Ho visto moltissime fabbriche metalmeccaniche; ma una come questa di Pomigliano non l’ho vista mai. Non mi riferisco all’esercito dei robot del reparto lastratura, che compiono interamente da soli il lavoro più pesante e pericoloso: il montaggio e la saldatura della scocca, la struttura della Panda. Mi ha impressionato molto di più il resto della fabbrica, dove a operare direttamente sono le persone. La prima cosa che mi ha colpito è stata l’assenza di rumore, l’ampiezza degli spazi, la distribuzione della luce, l’azzurro della rete dei vialetti, con strisce spartitraffico e passaggi pedonali, che attraversano le zone di lavoro; gli uffici con le pareti di cristallo collocati in mezzo al percorso del montaggio, quasi a sottolineare il superamento di ogni distinzione tra operai e impiegati. Poi il serpentone giallo: la nuova “catena” che catena non è più, collocata su di un largo nastro di parquet tirato a lucido, che si sposta lentamente, dove anche a me estraneo viene consentito di muovermi liberamente nei larghi spazi tra una postazione e l’altra. Tutto è strutturato in funzione della persona che lavora: è la scocca ad abbassarsi o rovesciarsi, non le braccia ad alzarsi. I lavoratori, per lo più giovani, ragazzi e ragazze, tutti con una tuta bianca pulitissima, suddivisi in gruppi di cinque o sei e tra loro intercambiabili. Scelgo a caso quelli o quelle con cui parlare a tu per tu. Tutti mi dicono che la nuova organizzazione è meno pesante della precedente. La paga-base mensile lorda di un quinto livello, qui, è sopra i 1700 euro, quasi 1550 per un terzo livello; poi ci sono il premio e gli scatti; quando entrerà in funzione il terzo turno, a questi si aggiungerà il compenso per l’ora e mezza media settimanale di straordinario e la maggiorazione per il lavoro notturno.

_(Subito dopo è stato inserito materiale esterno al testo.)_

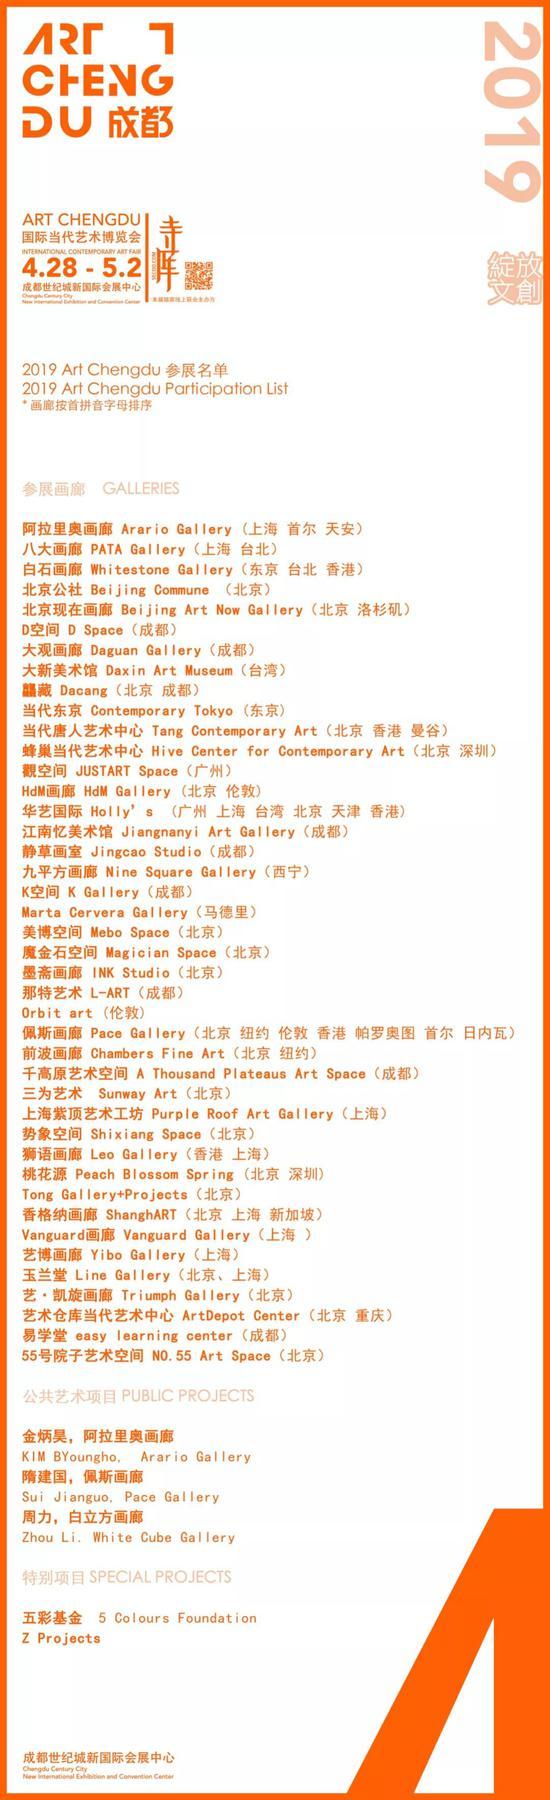 2019 Art Chengdu 参展画廊名单 GALLERIES画廊按拼音字母排序

Uscito di lì, attraversando le vie sdrucite della periferia di Napoli, mi frulla per la testa la frase più benevola che ho sentito dalle mie parti politiche riguardo a questo stabilimento due anni fa, quando si discuteva del progetto “Fabbrica Italia”: “Sì, purché sia un’eccezione”. Ma perché questa diffidenza? Solo per le due deroghe marginali che il progetto comportava rispetto al contratto collettivo nazionale, delle quali la più rilevante riguardava appunto la possibilità di un’ora e mezza di straordinario alla settimana? A me sembra che dovremmo, semmai, auspicare altri cento stabilimenti come questo per lo sviluppo del nostro Mezzogiorno, per rimettere in moto la crescita del nostro Paese. Altro che “un’eccezione”!
Oggi l’obiezione è che a Pomigliano si viola la democrazia sindacale, perché non viene riconosciuto il diritto della Fiom-Cgil a una rappresentanza in fabbrica. Questo è il risultato ‑ conforme, peraltro, alla legge vigente ‑ del rifiuto opposto dalla stessa Fiom alla firma di qualsiasi contratto collettivo applicato dalla Fiat. Cambiamo questa norma. Però l’attacco violentissimo contro il piano “Fabbrica Italia” è venuto molto prima che sorgesse il problema della rappresentanza sindacale. E la guerriglia giudiziaria contro il progetto, l’opposizione a che qualche cosa di simile a Pomigliano si faccia anche altrove, prescinde da questo particolare problema.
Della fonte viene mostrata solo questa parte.